Mengingatnya, Sabit dibuat merinding. Deus itu sahabatnya. Keduanya sudah saling mengenal sejak kecil. Malam itu tidak seharusnya terjadi. Kesalahan yang entah mengapa tidak Sabit sesali. Ia menikmatinya, walaupun saat matahari mulai beranjak naik, ia harus kembali dihantam kenyataan kalau Thadeus Nenggala hanya sekedar sahabat.

Sabit tidak pernah percaya akan embel-embel cinta. Ya, ia memang menyayangi Deus. Pria itu memiliki banyak peran penting dalam hidupnya. Bohong kalau ia bilang hidupnya akan baik-baik saja jika Deus pergi. Tapi Deus .. sama sekali bukan pria yang ia pikirkan untuk menjadi pendampingnya kelak. Lebih tepatnya, Sabit pernah bersumpah ia tidak akan 'menyerahkan' dirinya sendiri pada pria manapun untuk dilabeli sebagai istri.

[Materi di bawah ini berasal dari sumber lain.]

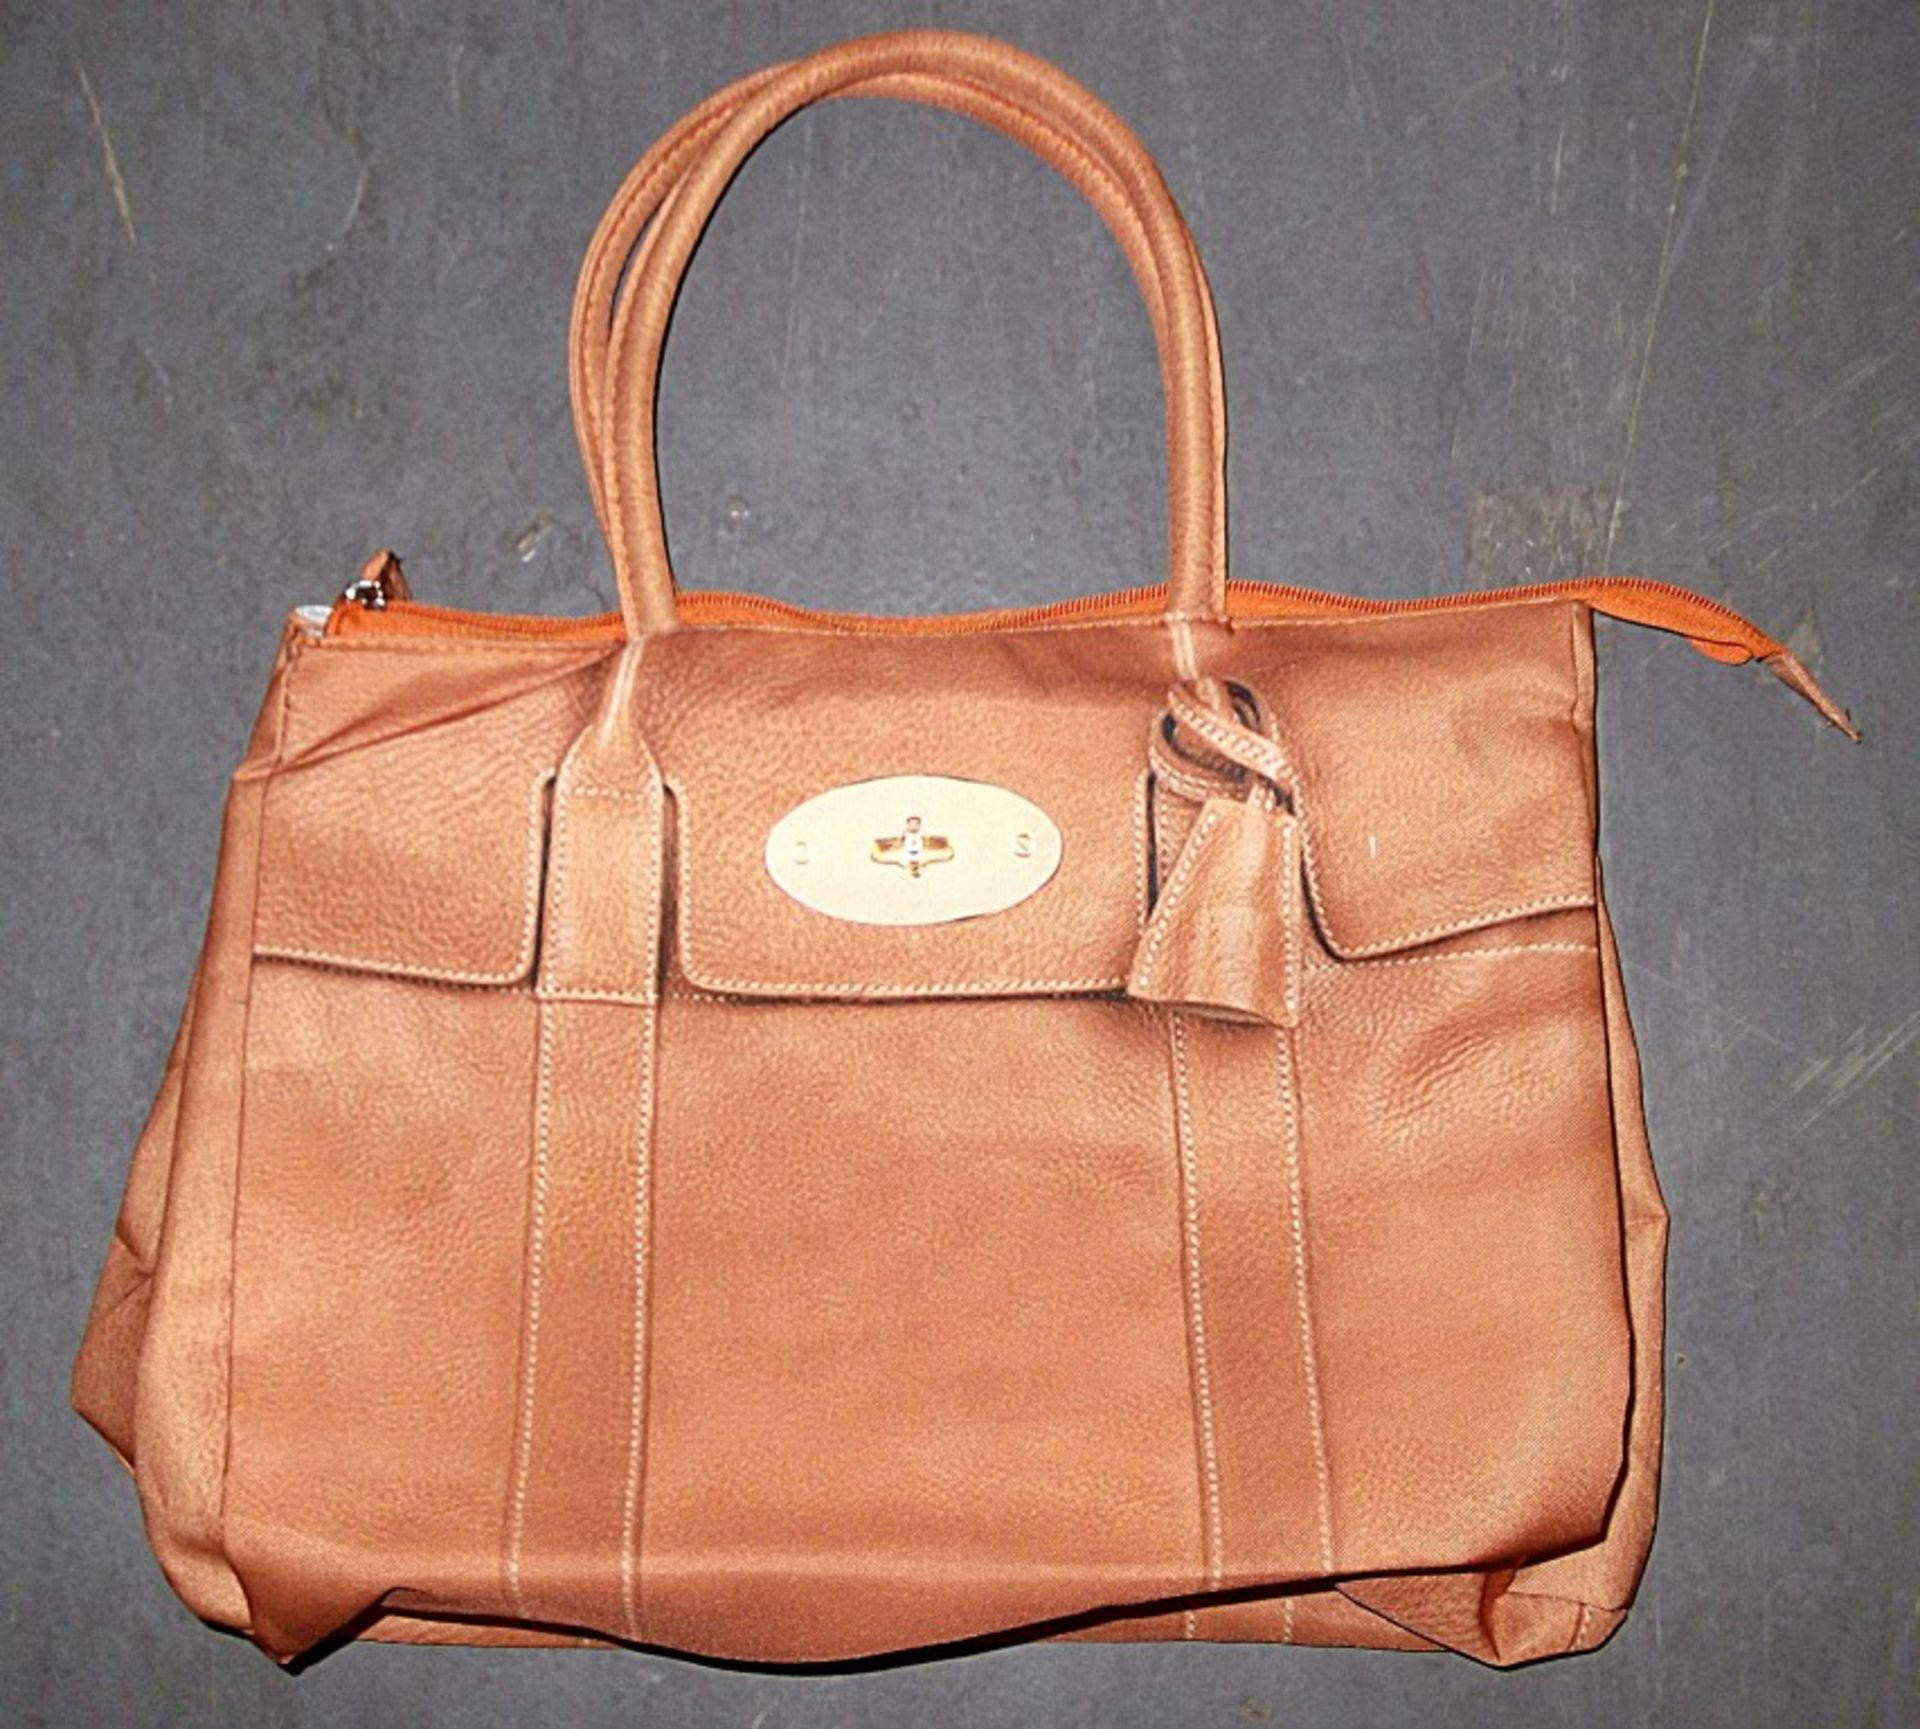 20 x Nylon Mulberry Style Handbags - Huge Resale Potential – NJB071 - CL008 - Location: Bury
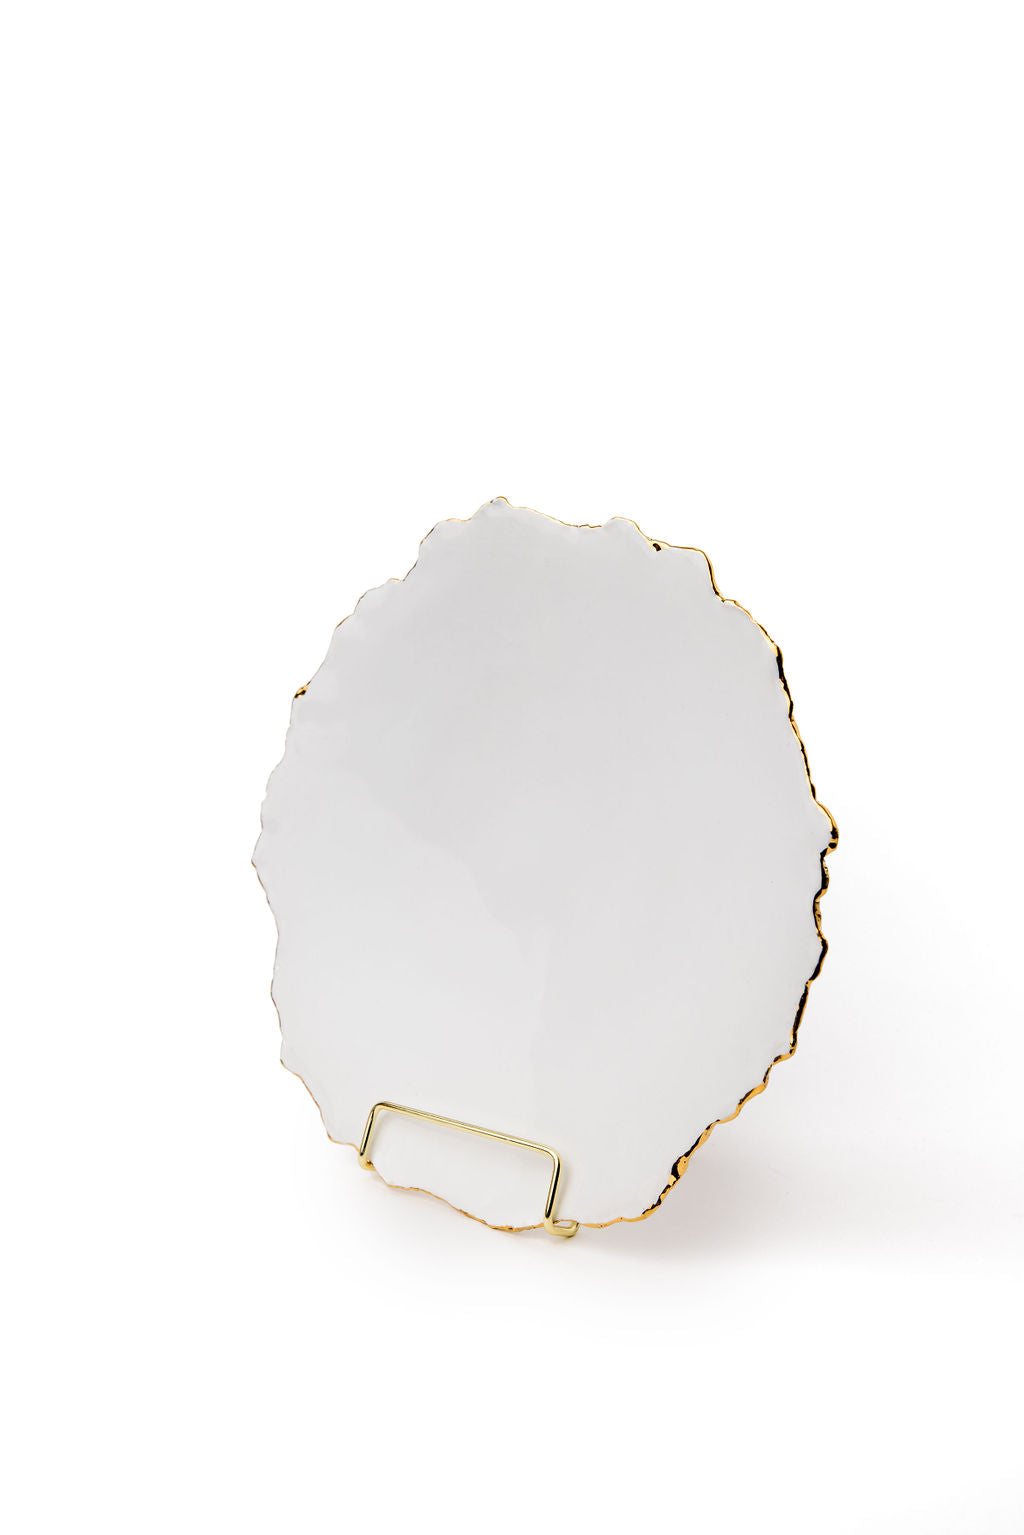 large ceramic plate gold edge white

Baginya, itu konyol. Seolah, pernikahan hanya bertujuan untuk melabeli satu sama lain dan bebas melakukan hubungan intim kapan pun tanpa takut ditimpa dosa. Sabit tidak mau seperti itu. Setiap hubungan hanya akan diakhiri perpisahan, sama seperti bagaimana kedua orangtuanya bercerai. Lantas untuk apa mereka mengikat janji penuh omong kosong di hadapan Tuhan? Kalau dari awal tujuannya hanya untuk memiliki anak, tidak harus menikah lalu berpisah dan malah menyebabkan mental si anak terguncang, kan?

Omong kosong bernama cinta itu hanya akan mendatangkan malapetaka.

Sabit menghela napas. Dan saat itu juga, ponselnya berdering, menampilkan satu nama yang tak pernah ia duga sebelumnya. Sade.